I came to the story a little cynically. I was a teenager in 2004. I didn’t wear a wristband. I knew cancer well, my mom had died of breast cancer when I was 10, but I was way too cool to do something that trendy. You can laugh at this if you want. I also didn’t need a reminder of what cancer had taken from me. And if the bracelet wasn’t going to bring my mom back, I was kind of like, what’s the point? When I started on the story, I thought I’d probably just be making fun of it. And that changed pretty quickly. The first person I talked to was on the marketing team that had come up with the name Livestrong, and he told me about a guy, a cancer survivor, who had actually gotten the logo tattooed on his arm before the bracelets even came out. That’s how moved he was by the experience. That’s how connected he felt.

And at the same time as I’m reporting this story, I’m watching another loved one fight cancer. We’re spending a lot of time in doctors’ waiting rooms. We are in infusion centers. I’m seeing up close the way that chemo absolutely destroys a body. I’m acutely aware of our emotional pain, my sense of helplessness, and how intoxicating any little bit of hope was. Sometimes the infusion room would feel like the happiest place on earth because even though it was awful in there, and it is awful, it was a room full of people with hope, hope in medicine, hope in the fight, hope in each other. The Livestrong wristband was the physical manifestation of that little bit of hope. It was a bright eye-catching reminder that no one is alone in the fight against cancer, which unfortunately touches us all, sometimes more than once throughout our lifetimes.

I didn’t think I needed that connection and that reminder as a teen, but in 2024, I damn sure did, and I had a feeling I’d probably need it again. So, yes, the Livestrong Wristband was the first sort of virtue signal. It was a little douchey, but it without question lessened the suffering of millions of people, even if only in small ways. The foundation, I heard so many stories about this, their phone was ringing off the hook. I got to talk to a now 24-year-old Spencer who was fighting leukemia in 2004, and he said straight up that the foundation and Lance saved his life. Which brings me back to the ickiness.

When Lance came clean in 2012, after years of being accused, everything kind of fell apart. He resigned from Livestrong. Well, they changed the name from the LAF to Livestrong officially as fast as they could. But the damage was done. Everything he touched has been tainted. And since Lance was the wristband’s story, the wristbands were covered in a patina of douchebaggery as well. A lot of the sources that I talked to struggled with this legacy. One guy told me about his 2014 decision to finally take the wristband off after a full decade, and he said he was tired of, he didn’t want to be associated with Lance anymore.

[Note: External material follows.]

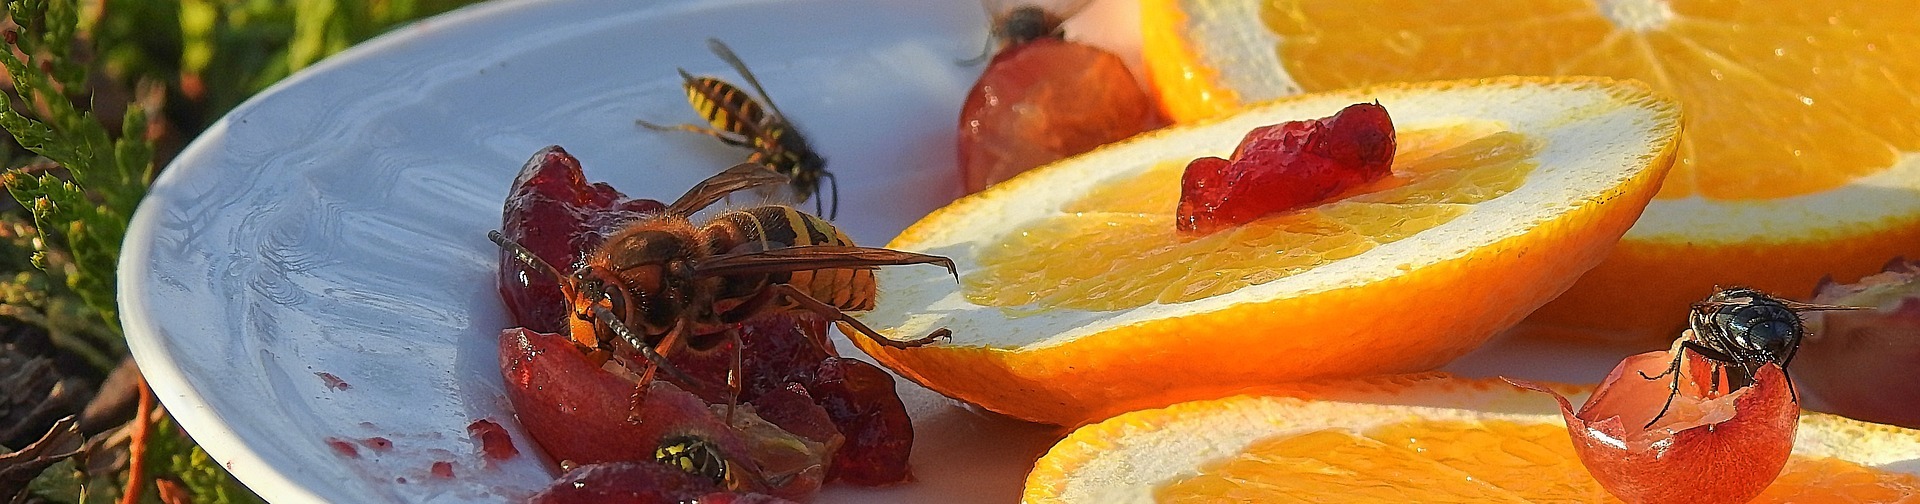 wasps feeding

And it became hard to explain to people that the wristband was always supposed to be bigger than Lance. And what I loved about working on this story was that it was bigger than Lance. His cancer survival story is absolutely crucial to the wristband’s success, but its massive popularity is a result of our connection to cancer, not just his. So we should look back on that without cringing. Now, I’m still not going to wear a Livestrong wristband, but I guarantee you if I see one out in the wild, I will enthusiastically stop the person wearing it. I will ask them about their connection to cancer, and I will probably tell them mine. Thanks.